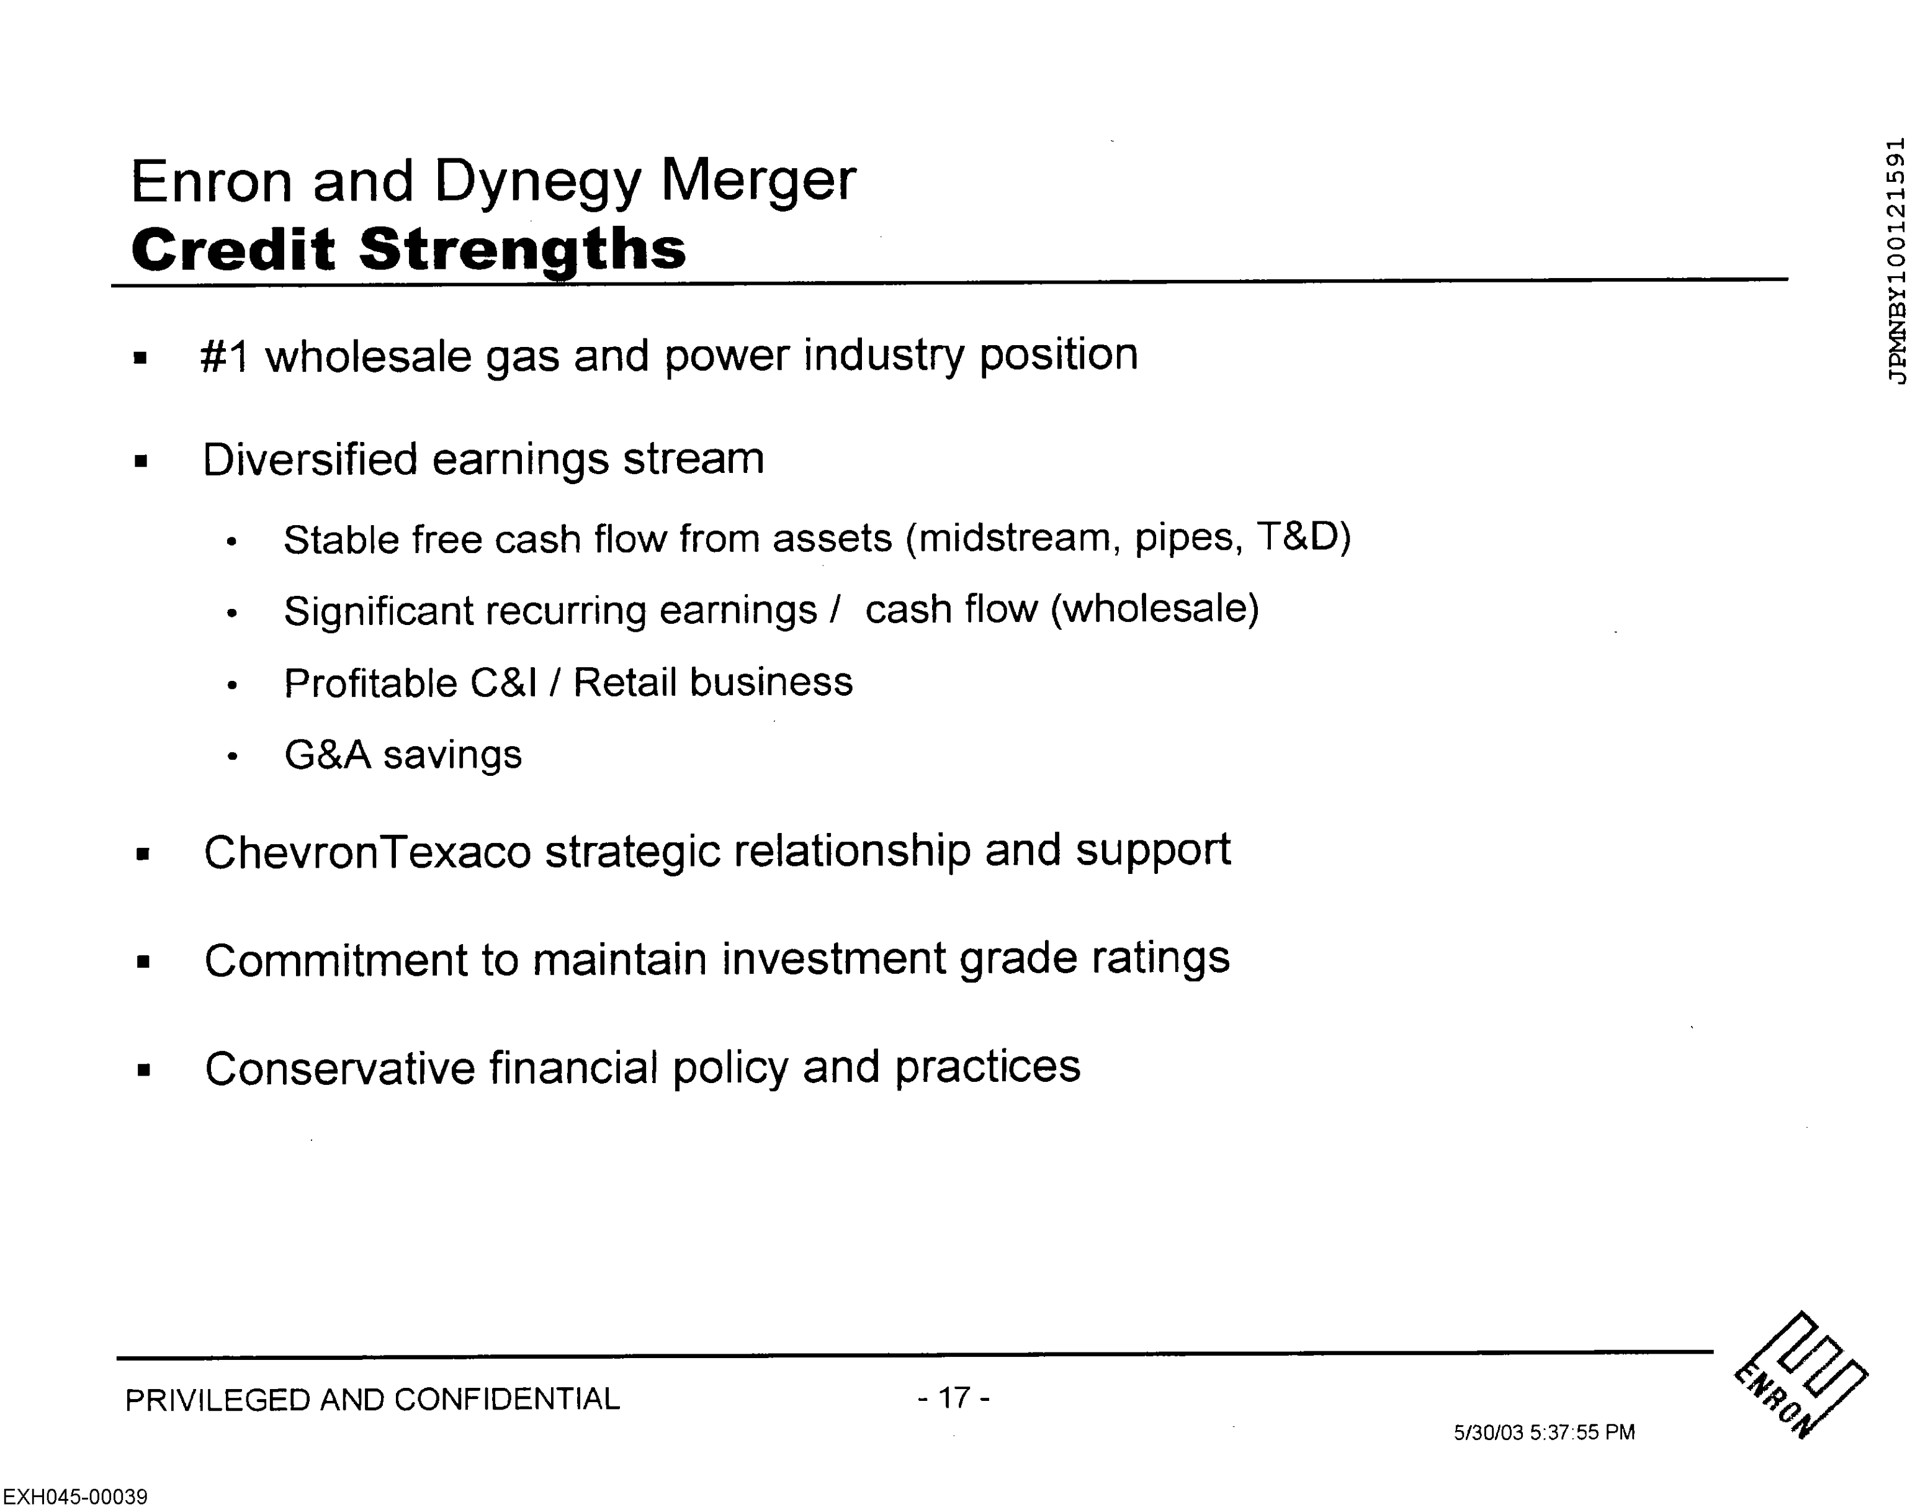 and merger credit strengths | Enron
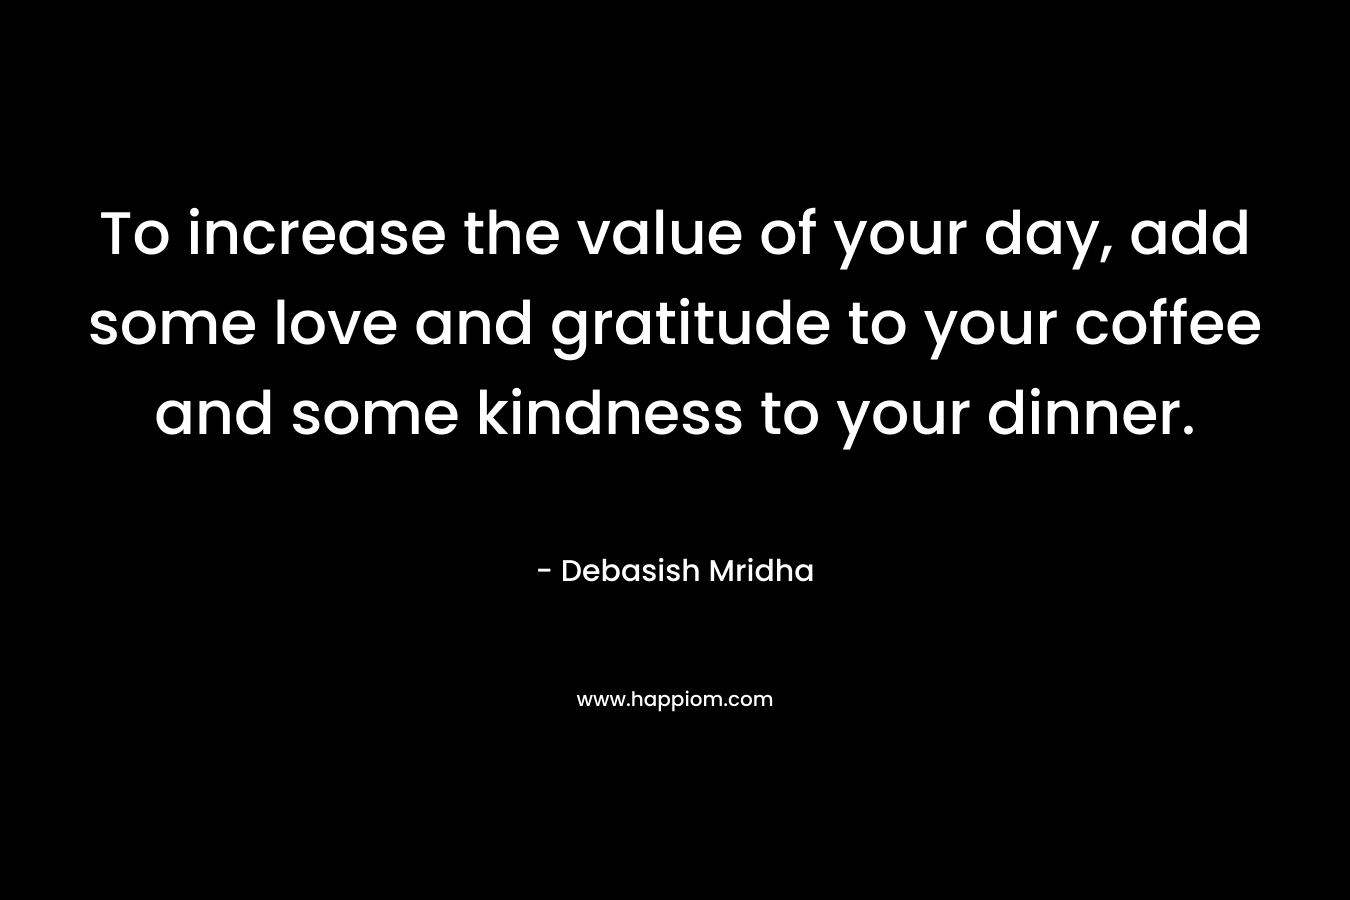 To increase the value of your day, add some love and gratitude to your coffee and some kindness to your dinner.
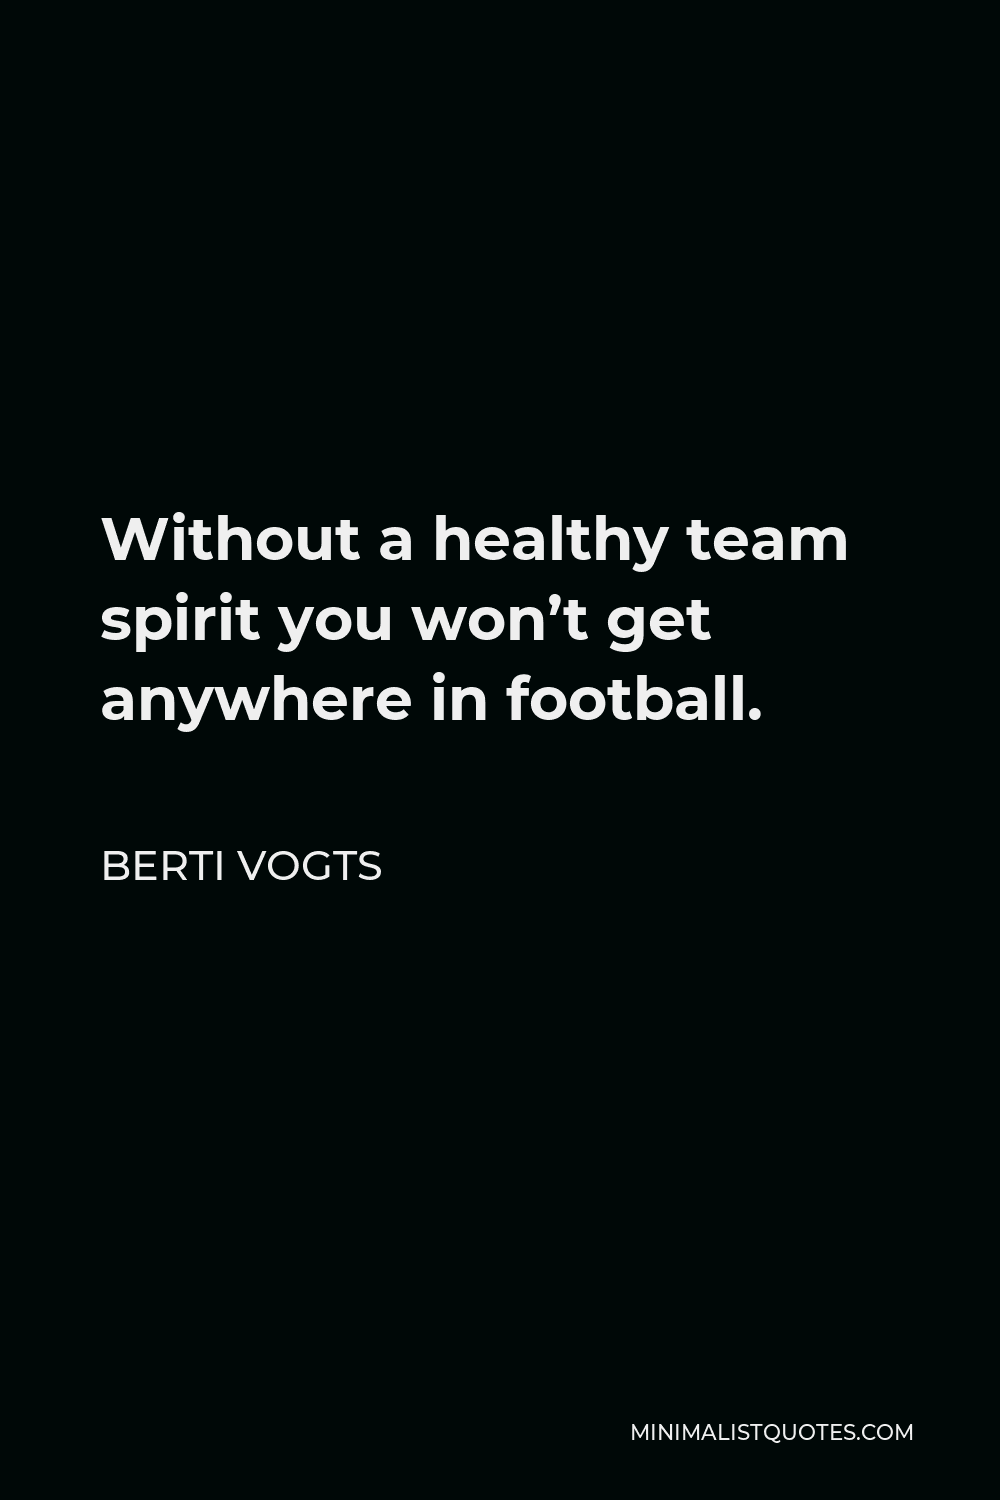 Berti Vogts Quote - Without a healthy team spirit you won’t get anywhere in football.

What to produce
Copy all of the listing word for word, minus the images.

Final answer
 and merger credit strengths | Enron
 To increase the value of your day, add some love and gratitude to your coffee and some kindness to your dinner.
 Berti Vogts Quote - Without a healthy team spirit you won’t get anywhere in football.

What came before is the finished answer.